-- WORK ORDER --
Skip the pictures. Output only the lines below starting at the line with "Actress ragini dwivedi" and ending at the line with "RisoPhy PRO RGB", both ends included, exactly as they are.

-- INPUT --
****************************************
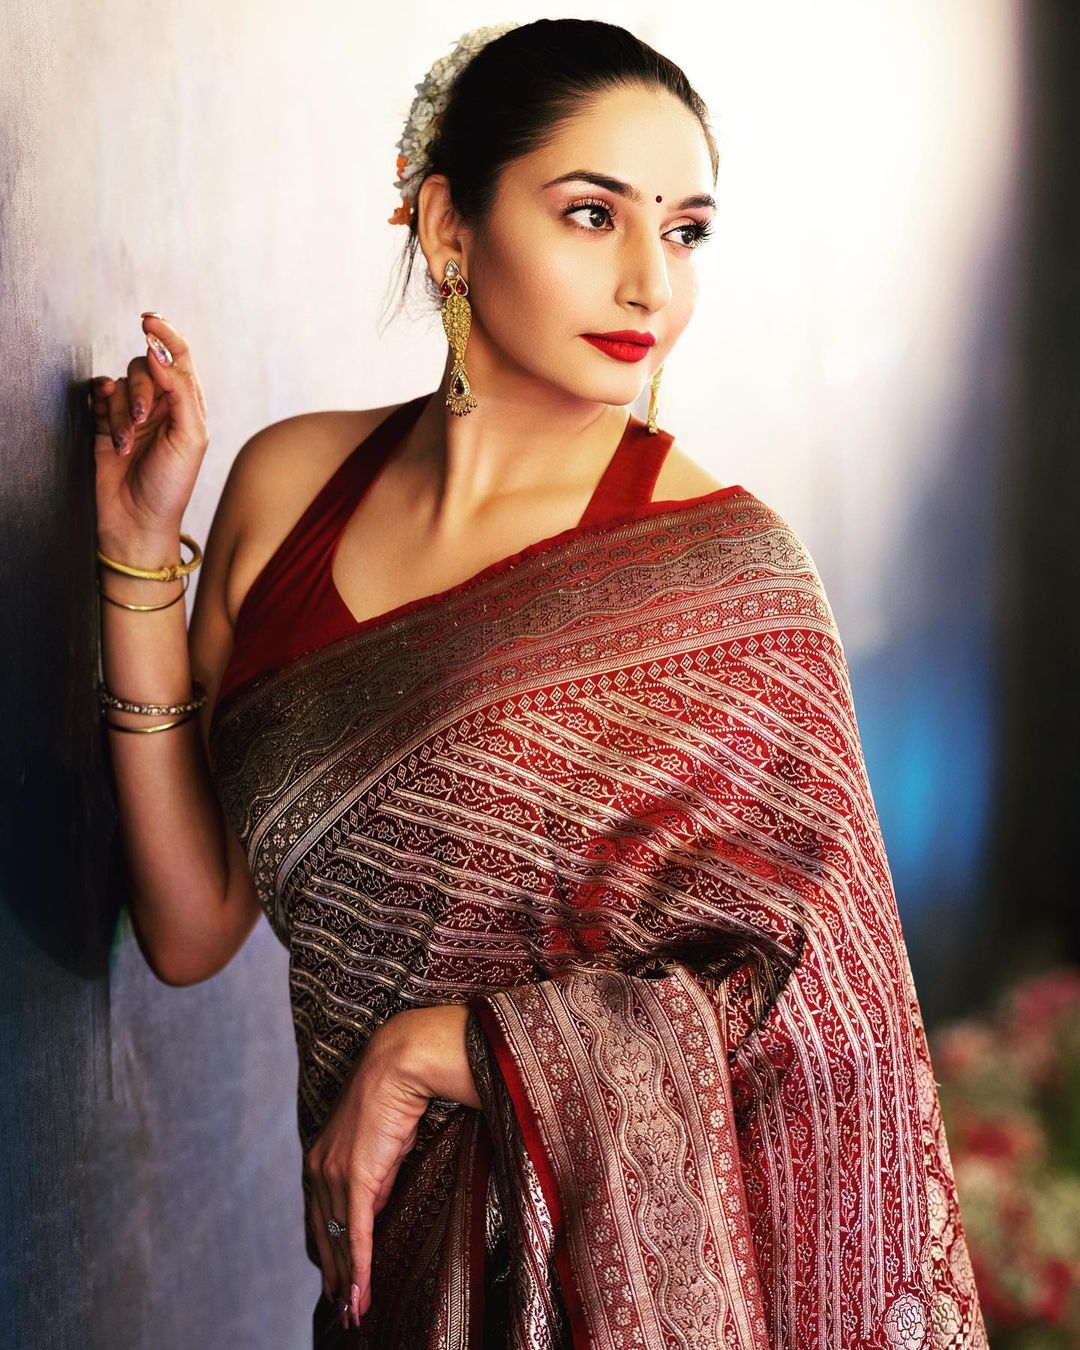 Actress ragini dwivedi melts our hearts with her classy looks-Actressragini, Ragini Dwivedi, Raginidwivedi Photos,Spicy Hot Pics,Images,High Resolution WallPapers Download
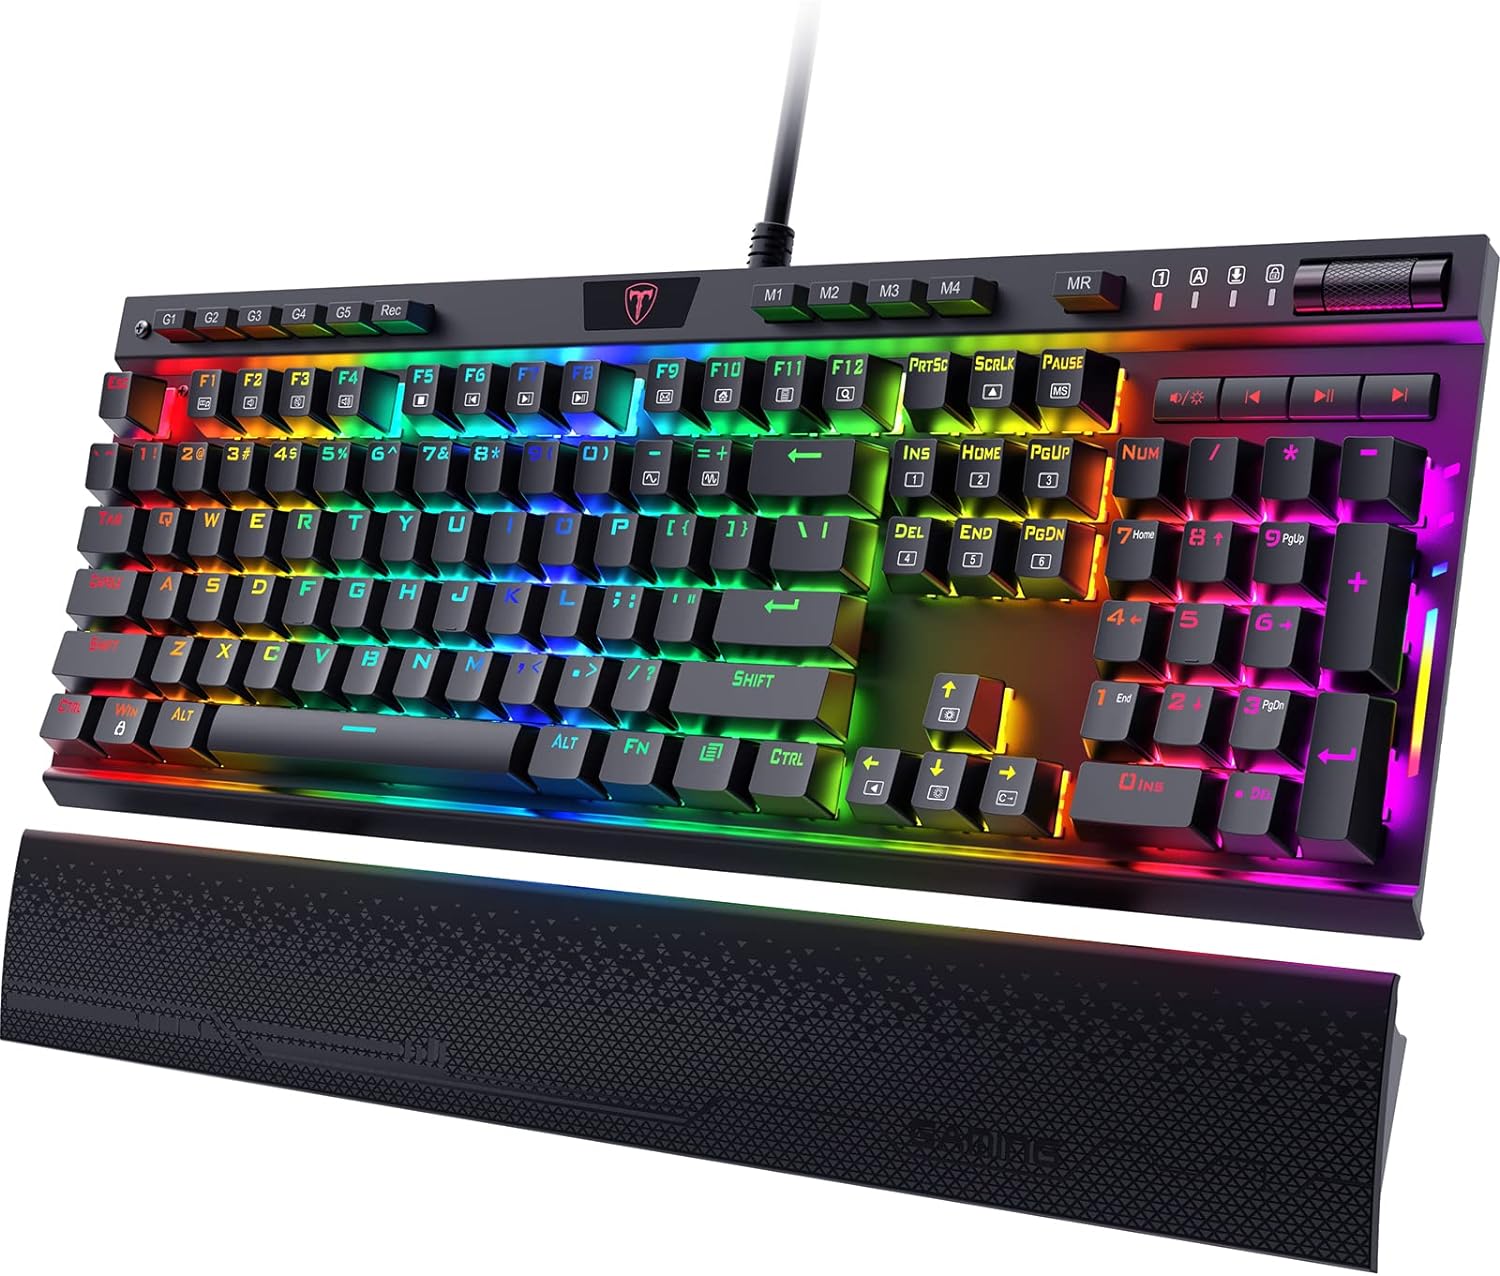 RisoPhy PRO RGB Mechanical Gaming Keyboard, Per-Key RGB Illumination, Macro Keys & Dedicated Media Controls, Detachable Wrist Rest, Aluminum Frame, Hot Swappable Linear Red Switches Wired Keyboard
****************************************
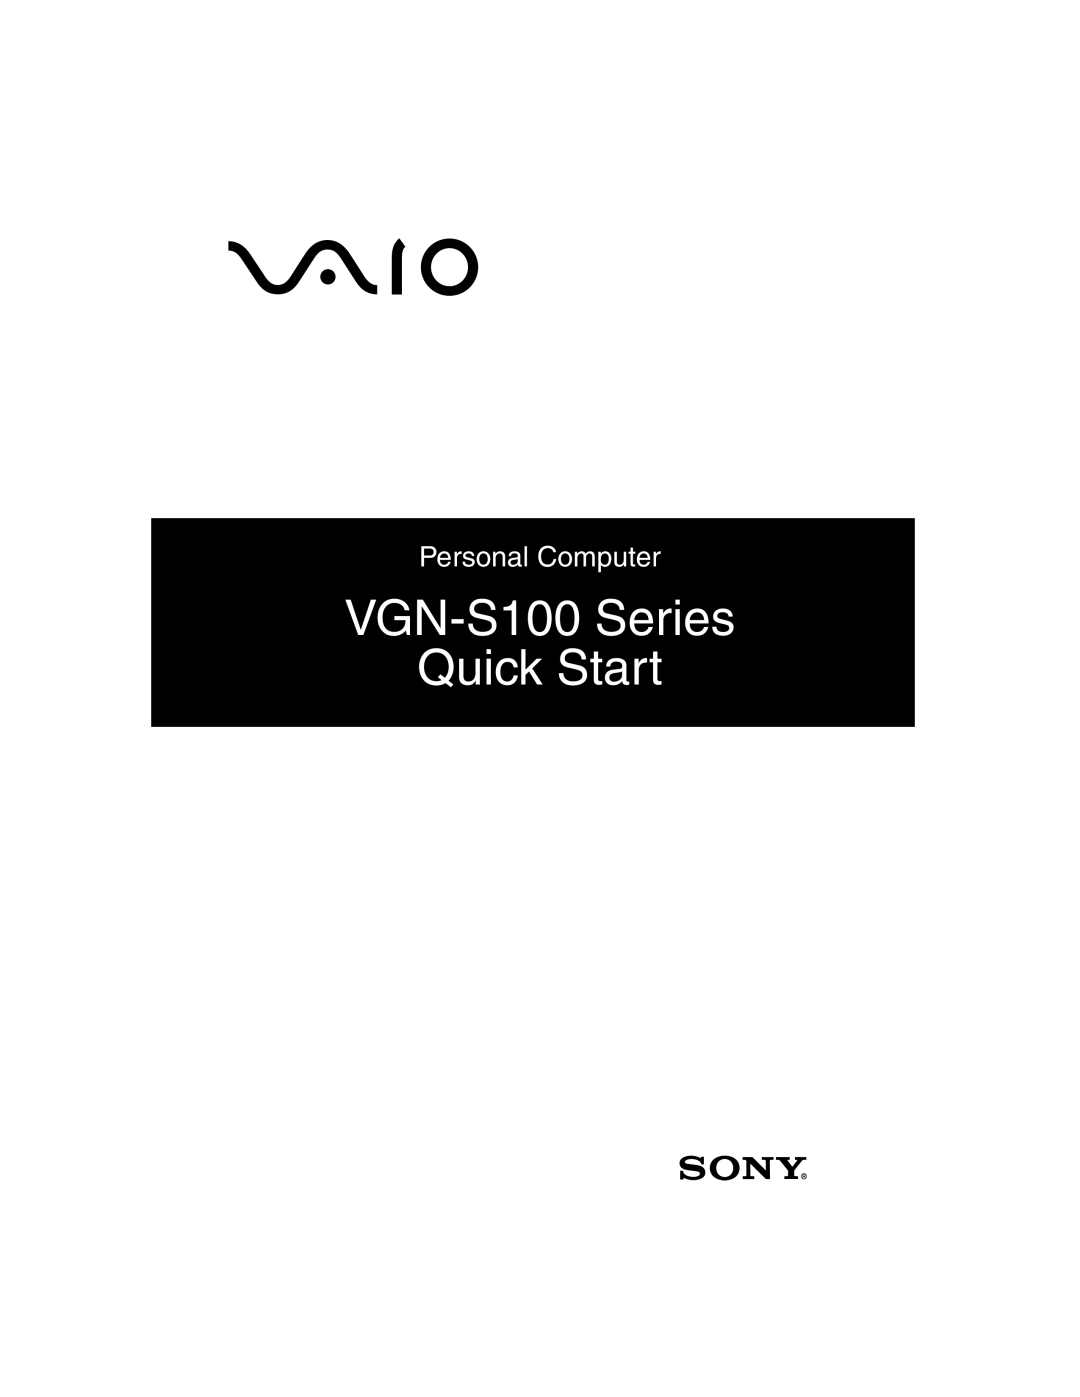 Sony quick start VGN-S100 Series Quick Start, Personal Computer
****************************************
-- ANSWER FOR THIS EXERCISE --
 Actress ragini dwivedi melts our hearts with her classy looks-Actressragini, Ragini Dwivedi, Raginidwivedi Photos,Spicy Hot Pics,Images,High Resolution WallPapers Download
 RisoPhy PRO RGB Mechanical Gaming Keyboard, Per-Key RGB Illumination, Macro Keys & Dedicated Media Controls, Detachable Wrist Rest, Aluminum Frame, Hot Swappable Linear Red Switches Wired Keyboard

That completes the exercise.